Follow the steps in this section to configure a location to receive data.

  1. On the Datasets tab, select the check box next to the dataset where you want to assign a destination. Select Map to target to choose a target data store.

    Screenshot showing how to map to a target.

  2. Select a target data store for the data. Files in the target data store that have the same path and name as files in the received data will be overwritten.

    Screenshot showing where to select a target storage account.

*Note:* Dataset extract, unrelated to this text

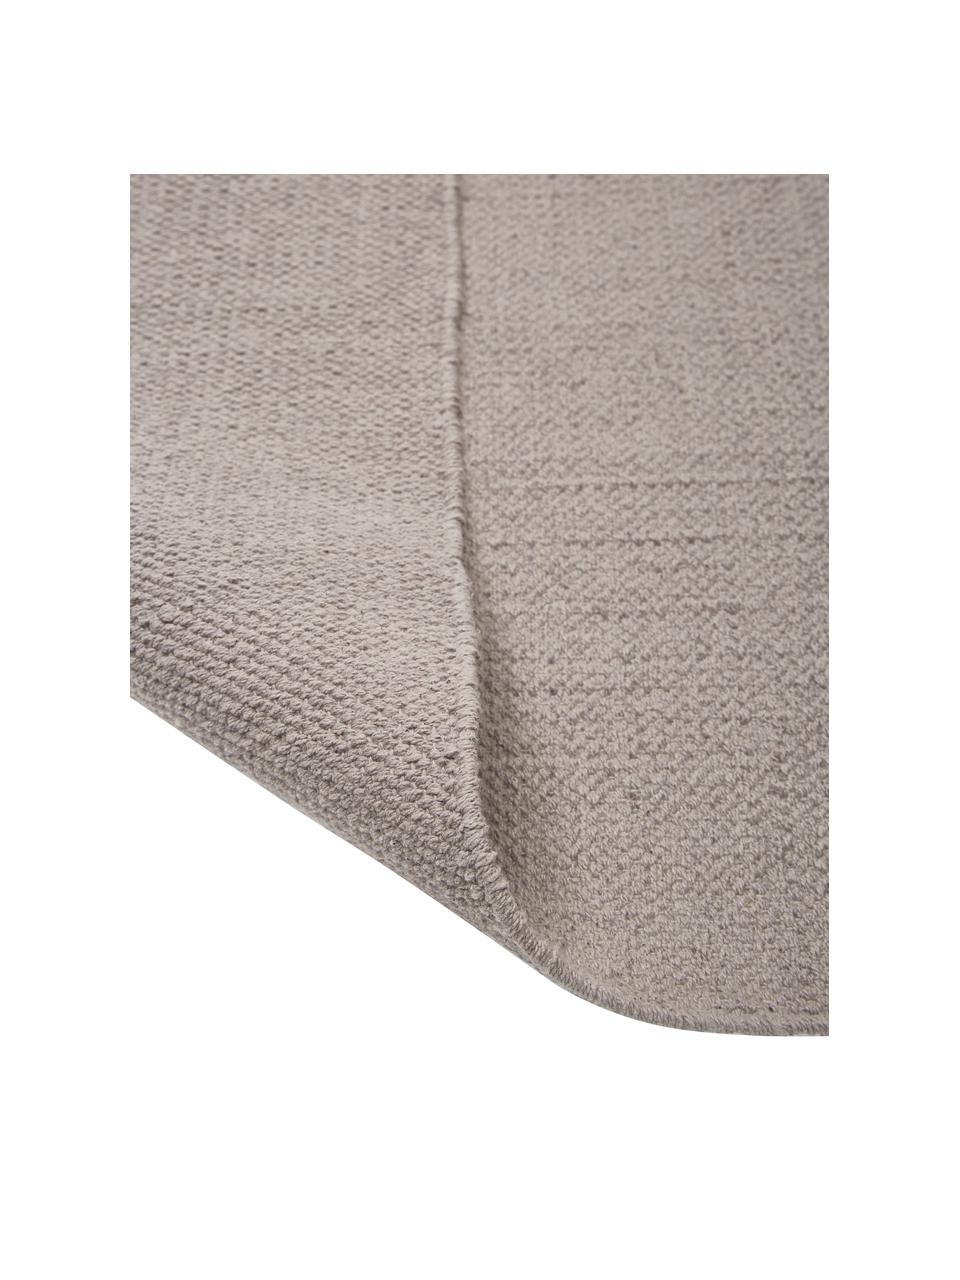 Dun  katoenen vloerkleed Agneta in grijs, handgeweven, 100% katoen, Grijs, B 120 x L 180 cm (maat S)

  3. For snapshot-based sharing, if the data provider uses a snapshot schedule to regularly update the data, you can enable the schedule from the Snapshot Schedule tab. Select the box next to the snapshot schedule. Then select Enable. Note that the first scheduled snapshot will start within one minute of the schedule time and subsequent snapshots will start within seconds of the scheduled time.

    Screenshot showing how to enable a snapshot schedule.

Trigger a snapshot

The steps in this section apply only to snapshot-based sharing.

  1. You can trigger a snapshot from the Details tab. On the tab, select Trigger snapshot. You can choose to trigger a full snapshot or incremental snapshot of your data. If you're receiving data from your data provider for the first time, select Full copy. When a snapshot is executing, subsequent snapshots will not start until the previous one complete.

    Screenshot showing the Trigger snapshot selection.

  2. When the last run status is successful, go to the target data store to view the received data. Select Datasets, and then select the target path link.

    Screenshot showing a consumer dataset mapping.

View history

You can view the history of your snapshots only in snapshot-based sharing. To view the history, open the History tab. Here you see the history of all of the snapshots that were generated in the past 30 days.

Storage snapshot performance

Storage snapshot performance is impacted by a number of factors in addition to number of files and size of the shared data. It is always recommended to conduct your own performance testing. Below are some example factors impacting performance.

  • Concurrent access to the source and target data stores.
  • Location of source and target data stores.
  • For incremental snapshot, the number of files in the shared dataset can impact the time it takes to find the list of files with last modified time after the last successful snapshot.

Next steps

You've learned how to share and receive data from a storage account by using the Azure Data Share service. To learn about sharing from other data sources, see Supported data stores.